- ABOUT THIS EXERCISE
Your copy should match the listing word for word, apart from the pictures, which are left out.

- DATA SECTION
+++

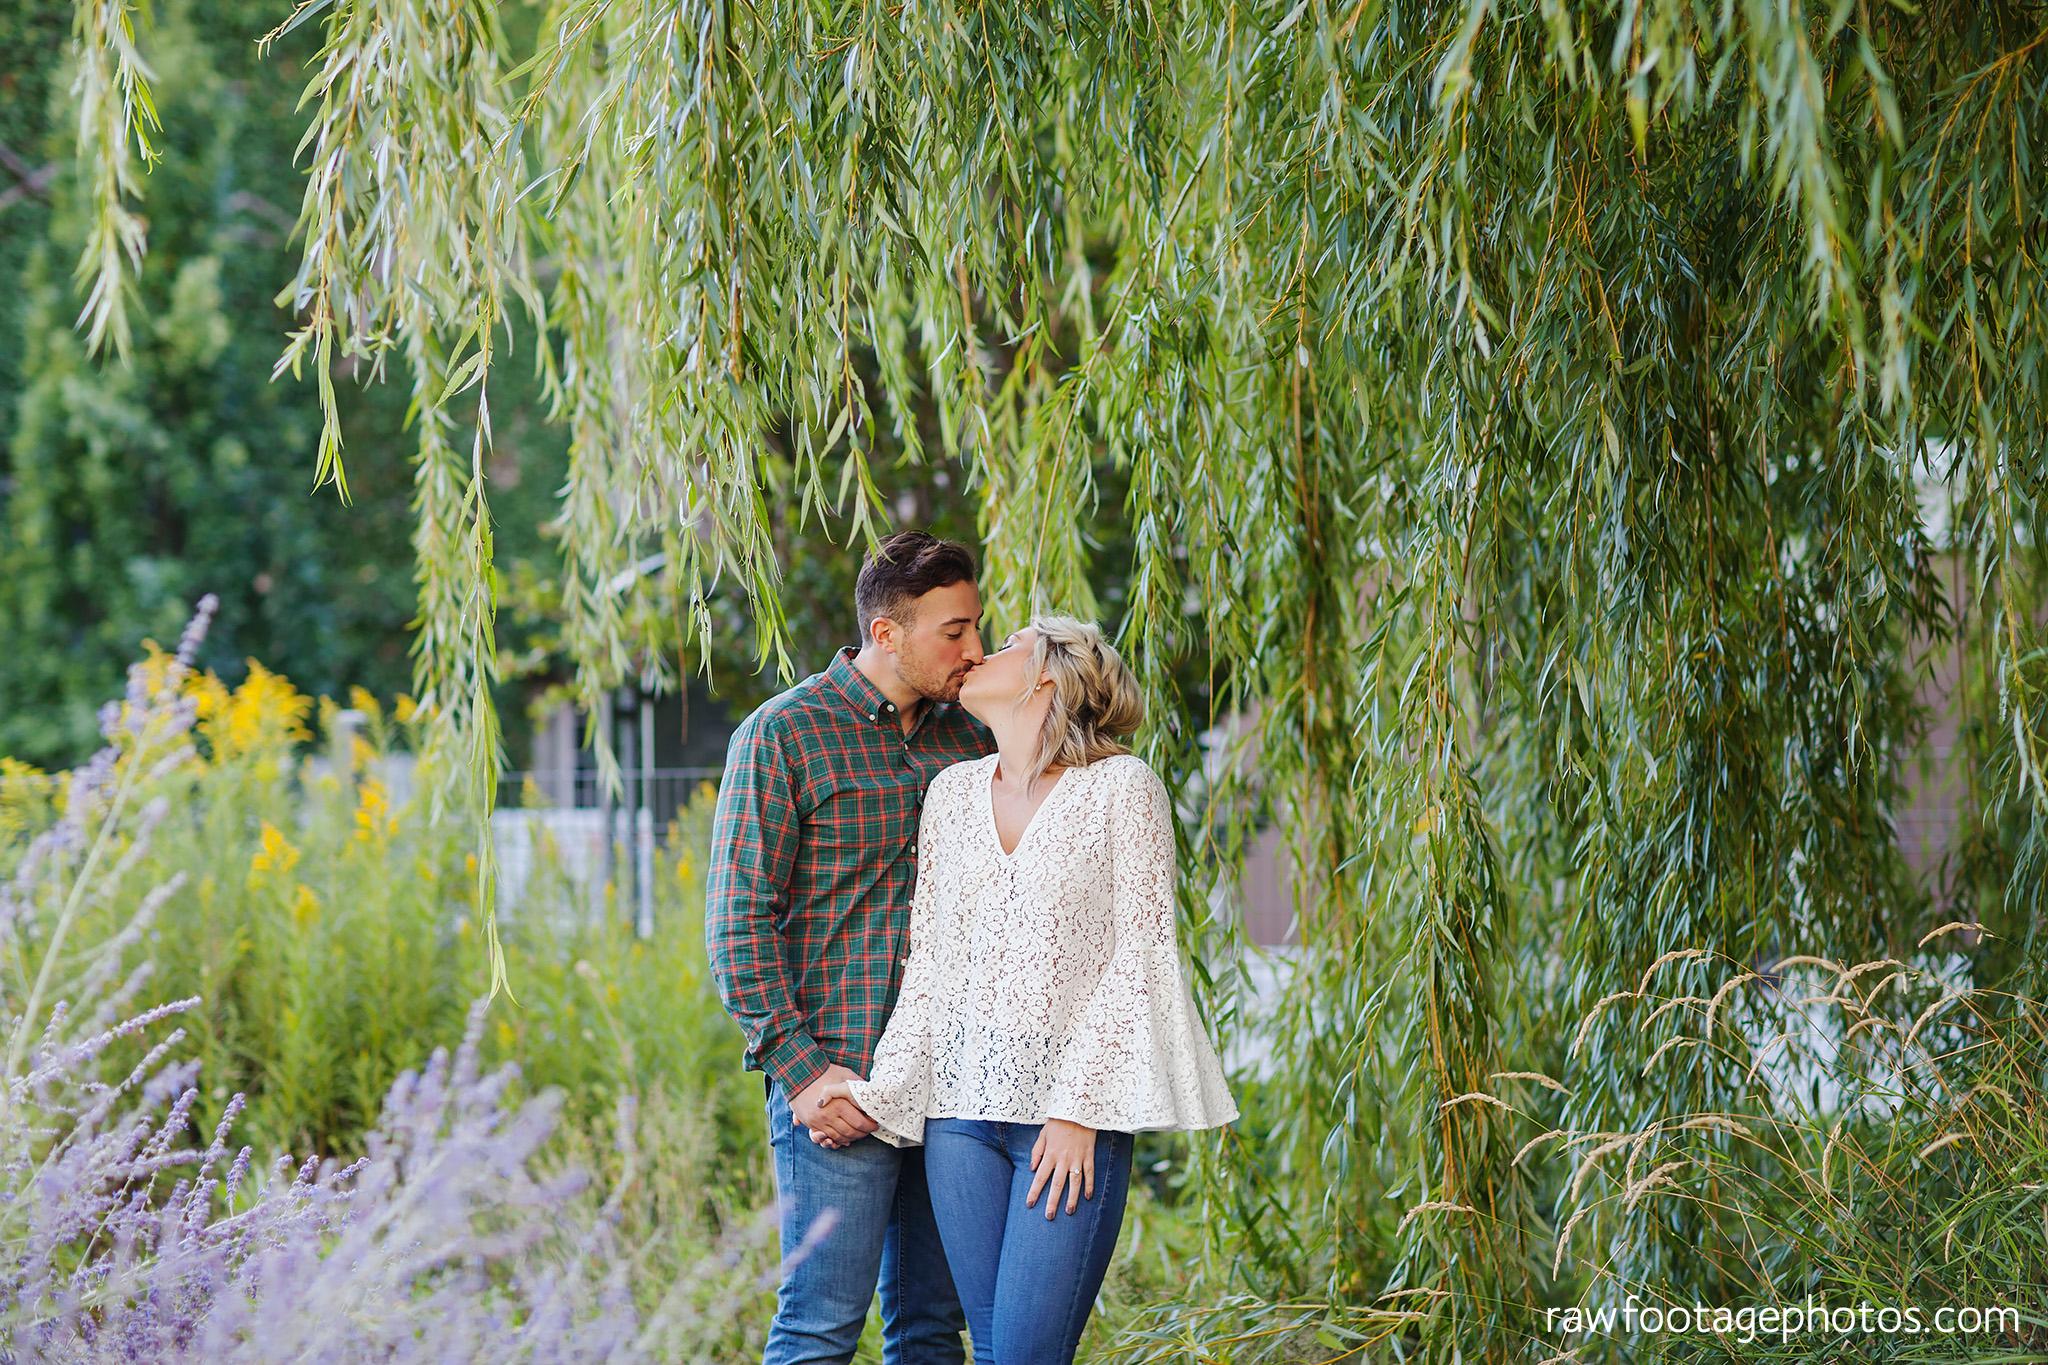 london_ontario_wedding_photographer-raw_footage_photography-engagement_session-uwo-campus-gibbons_park-woods010.jpg
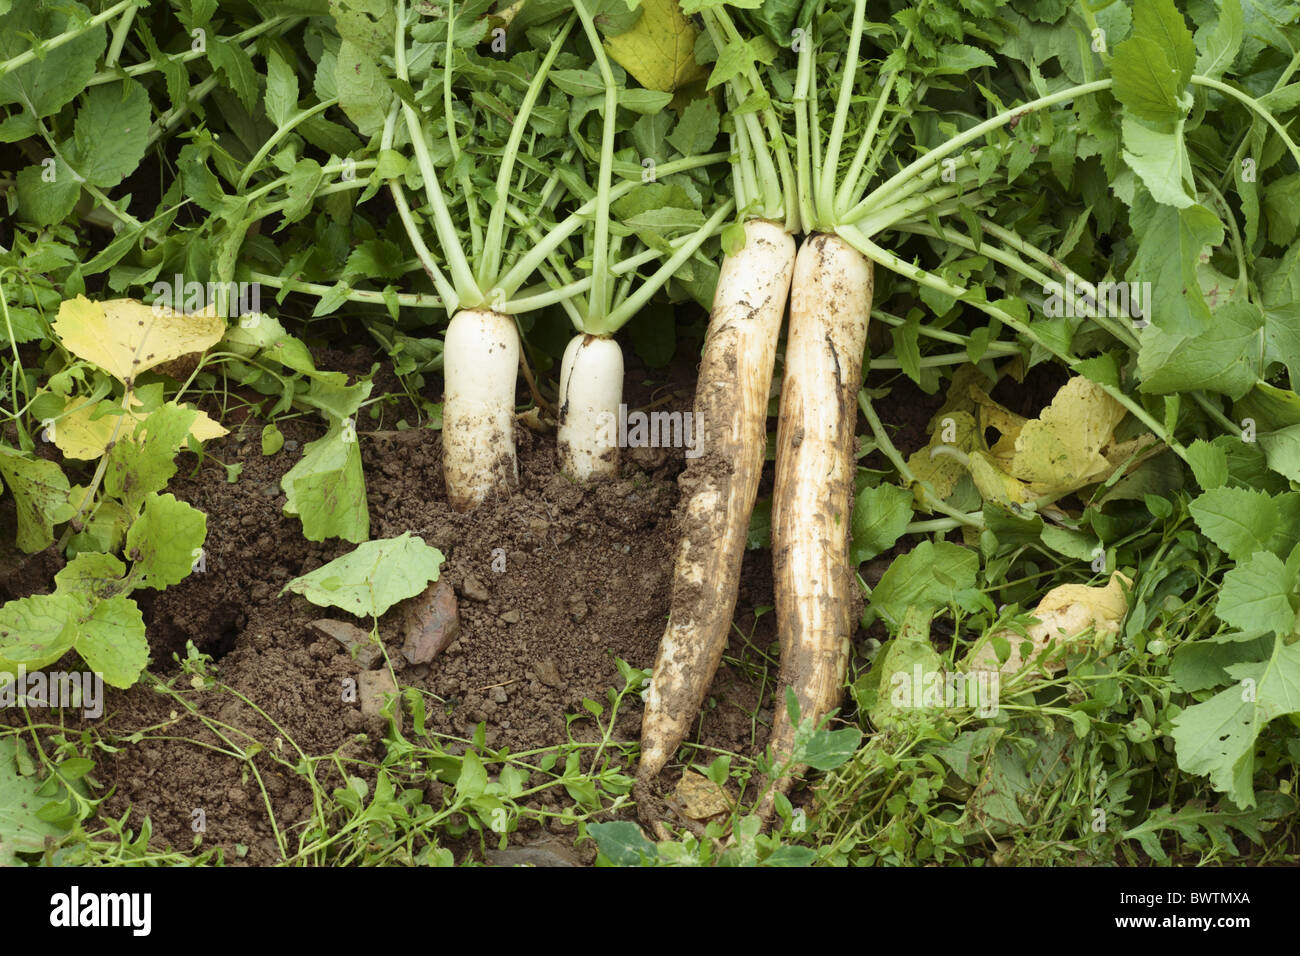 Raphanus sativus mooli radish winter daikon root vegetable white chinese nature natural environment environmental Stock Photo
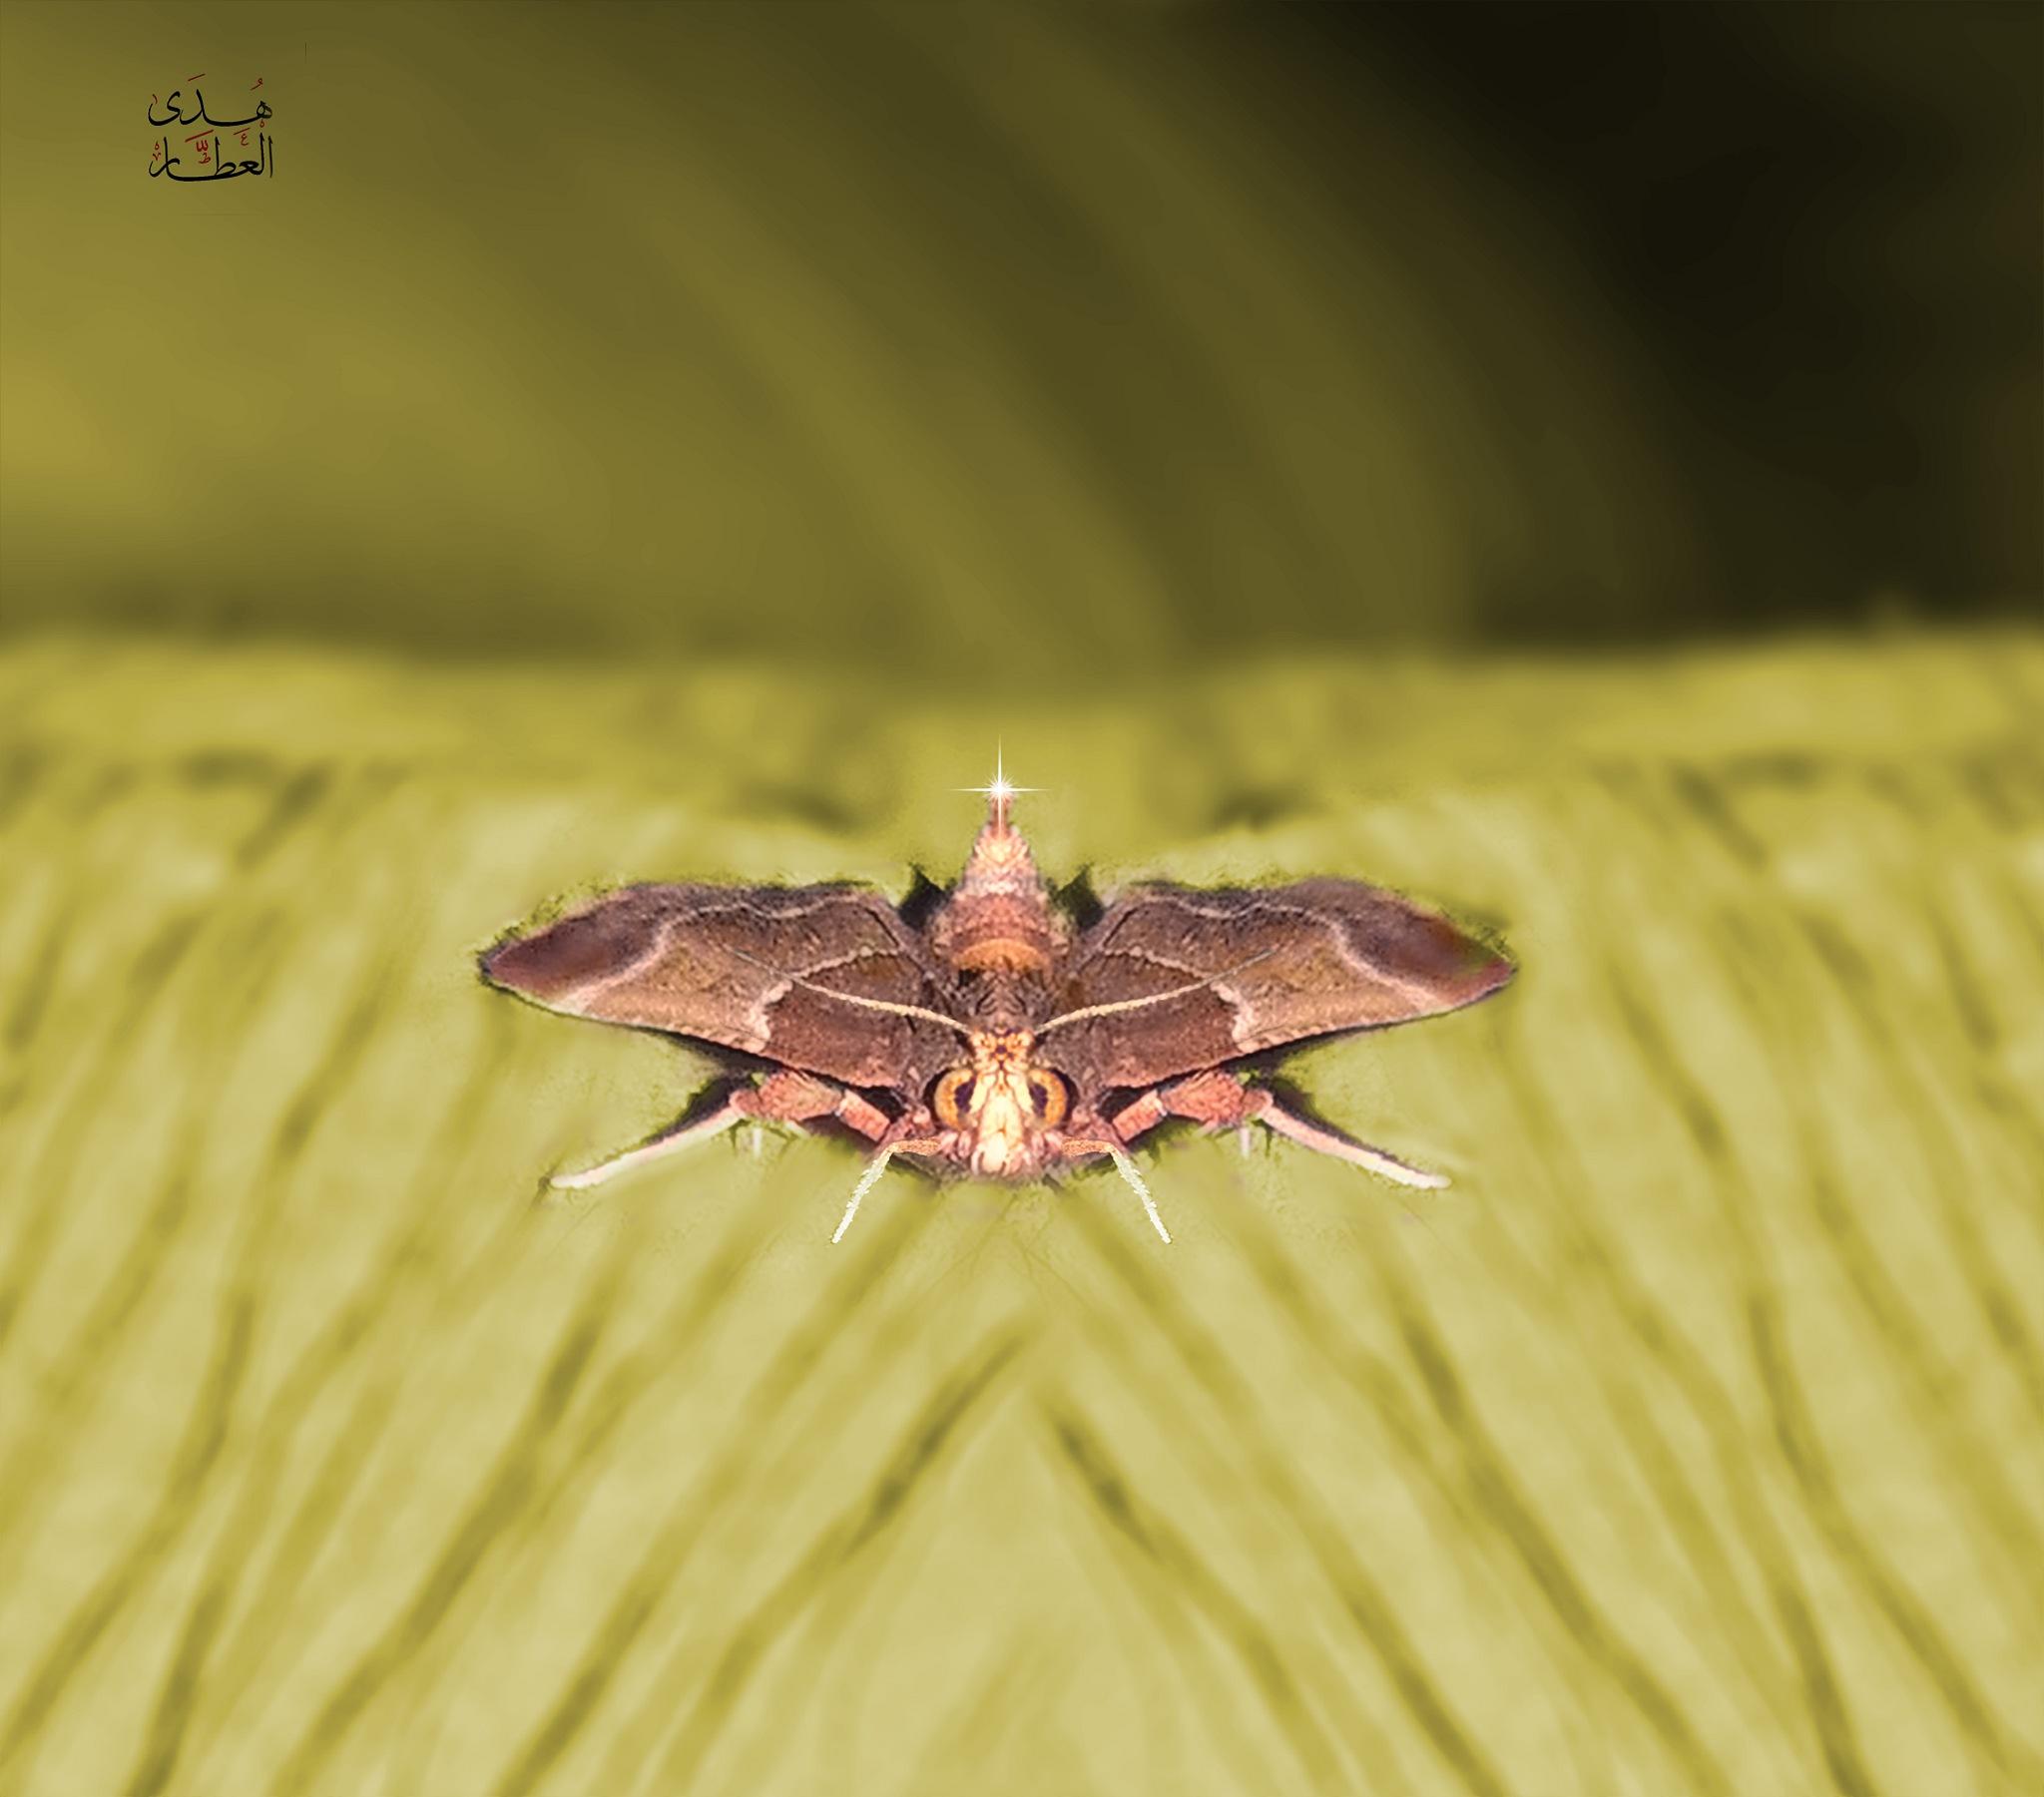 I captured it in my Room :) by Hoda Elattar

+++

- WORKED SOLUTION
 london_ontario_wedding_photographer-raw_footage_photography-engagement_session-uwo-campus-gibbons_park-woods010.jpg
 Raphanus sativus mooli radish winter daikon root vegetable white chinese nature natural environment environmental Stock Photo
 I captured it in my Room :) by Hoda Elattar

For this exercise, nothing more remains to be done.